The Cost of Construction Damage to Trees

Posted on: August 04, 2015 by: | Comments Off on The Cost of Construction Damage to Trees

Construction Damage To Trees

Trees and plants are a beautiful and vital part of landscaping around homes, businesses, other buildings, and places like parks and greenways. Not only do they add beauty, they are also beneficial due to the fact they absorb carbon dioxide and give off oxygen. They help to hold topsoil in place when it rains or is windy. They provide shade, a home for birds and certain animals, and some trees produce fruit and nuts for people and animals to consume.

If a landowner plans for construction or remodeling on his or her property, or other activity in the neighborhood such as road construction or utility work takes place, here are some pointers for protecting the trees on the property from potential damage or death.

Hire An Arborist

One important thing to do is to contact a local professional urban forester or arborist. This person is educated in the local trees and will know and understand the problems trees in a particular area may face. They will know their growth characteristics, quality maintenance measures and care in the event of damage. The arborist will be able to help with pointers on protecting trees from construction damage. For your own protection, hire a professional who is part of an established business and is listed in the phone book. Ask for references and be sure they carry insurance, such as property damage, personal liability, and workers compensation.

Tree Damage Caused by Construction

Some damage done to trees during construction is obvious, such as broken branches or chunks of bark peeled off. Other damage may not be visible or immediately noticed. Root damage can occur when digging is done, such as for laying underground utilities, irrigation lines, or foundations. The roots are the most vital part of the tree, as they absorb water and nutrients from the soil, store energy, and anchor the tree to the ground. Therefore, it is important to know where the roots are and how to protect them from damage.

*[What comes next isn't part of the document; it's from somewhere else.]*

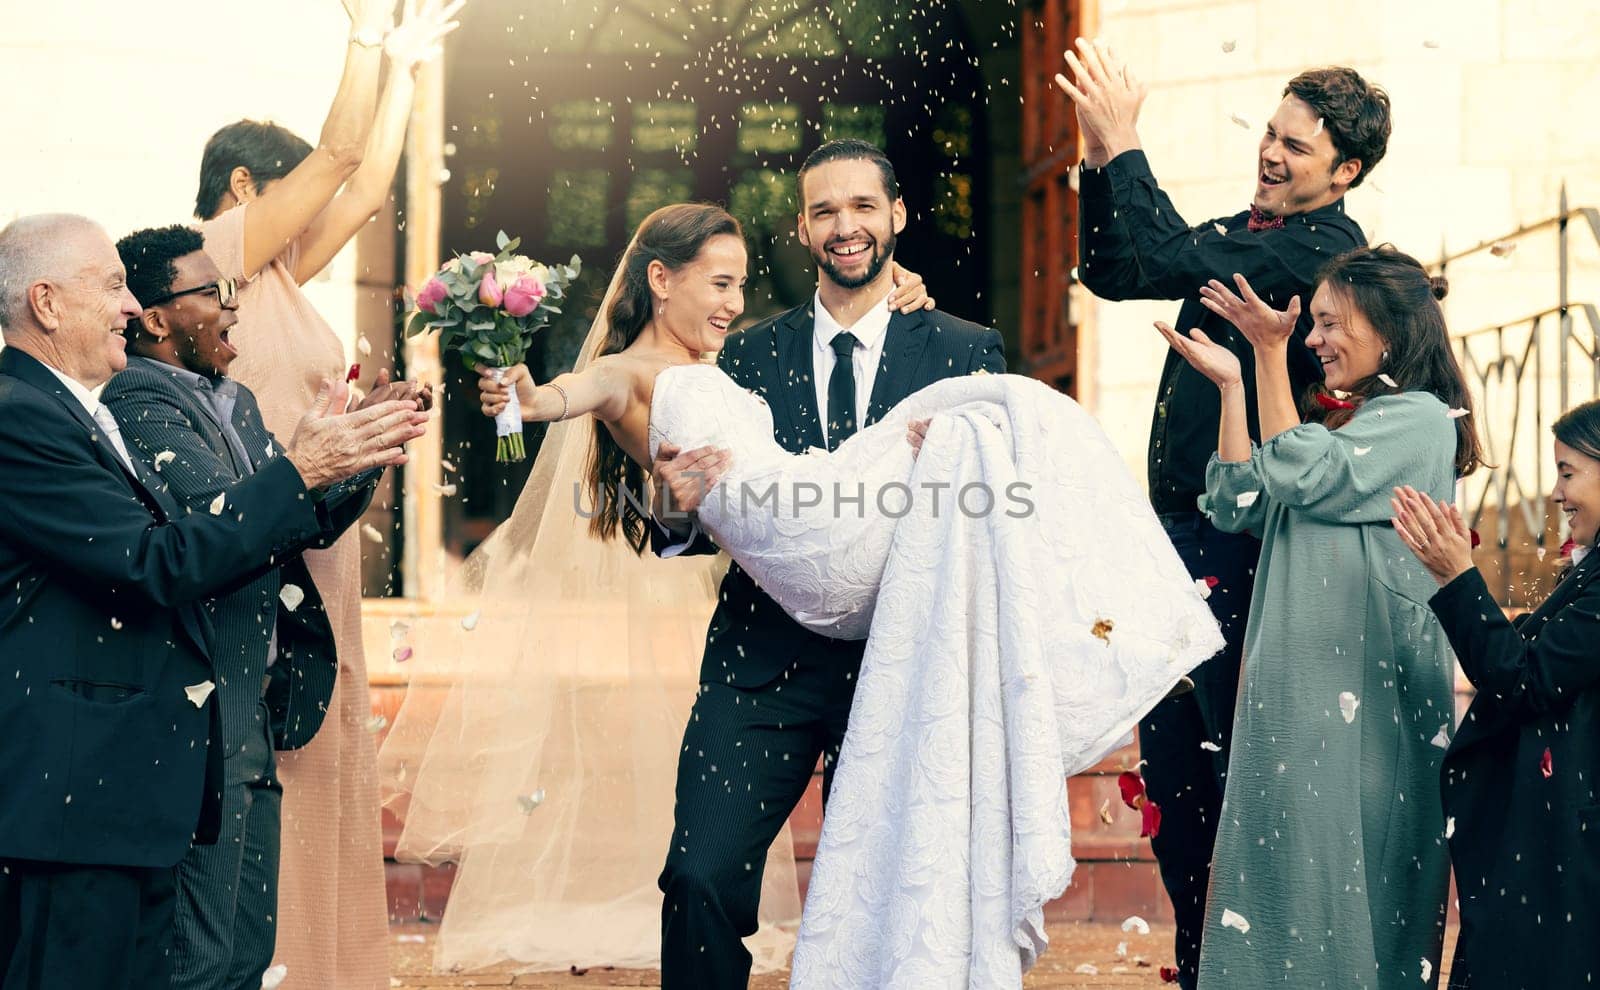 Wedding, love and man carrying woman outside church fo celebration of loving vows. Commitment and romance, romantic marriage, fun and man holding woman after love ceremony for bride and groom.

How Damage Occurs During Construction

Damage to the root system of trees can occur very easily. The Protected Root Zone (PRZ) is often considered to be the area beneath the outside circumference of the tree limbs. However, roots can extend as far as two or three times the height of the tree. Just simply driving a large dump truck, backhoe, or other heavy equipment over the ground can crush sensitive tree roots underneath.

Ninety percent of a tree’s root system lies just three feet underground, while 50 percent lies just one foot down. It can sometimes take years for the damage to reveal itself in the tree. By that time, the landowner has no idea what has caused the tree’s problems.

Of course, damage occurs in other ways and places, too. A truck may drive too close, scraping the bark or breaking limbs. Building materials may be accidentally dropped on or against a tree causing damage.

Surface wounds to the tree may be treated, but if left untreated can become an entry point for fungi that will result in later decay. Broken branches should be trimmed back to the proper place.

There are few remedies for severed roots. A tree can usually sustain a loss of 20 percent of its root system and still survive. If it loses 40 percent, it will die. Then the tree will need to be removed so it doesn’t become a hazard.

Protecting Tree Roots

If digging must be done where there are tree roots, do everything possible to protect them. If they must be cut, a clean cut will heal better than a ragged cut. Otherwise, fence off the area around each tree, reroute truck traffic away from the tree as much as possible, and store materials away from the tree. Remove all undergrowth and debris from under the tree to assure healthy roots. Decaying organic matter can create noxious gases that harm a tree’s roots.

Tree roots can also be smothered. Increasing the depth of soil around a tree will prevent the tree from obtaining necessary oxygen. It can also decrease the supply of water. Even a temporary dirt pile or water puddle under a tree can cause damage.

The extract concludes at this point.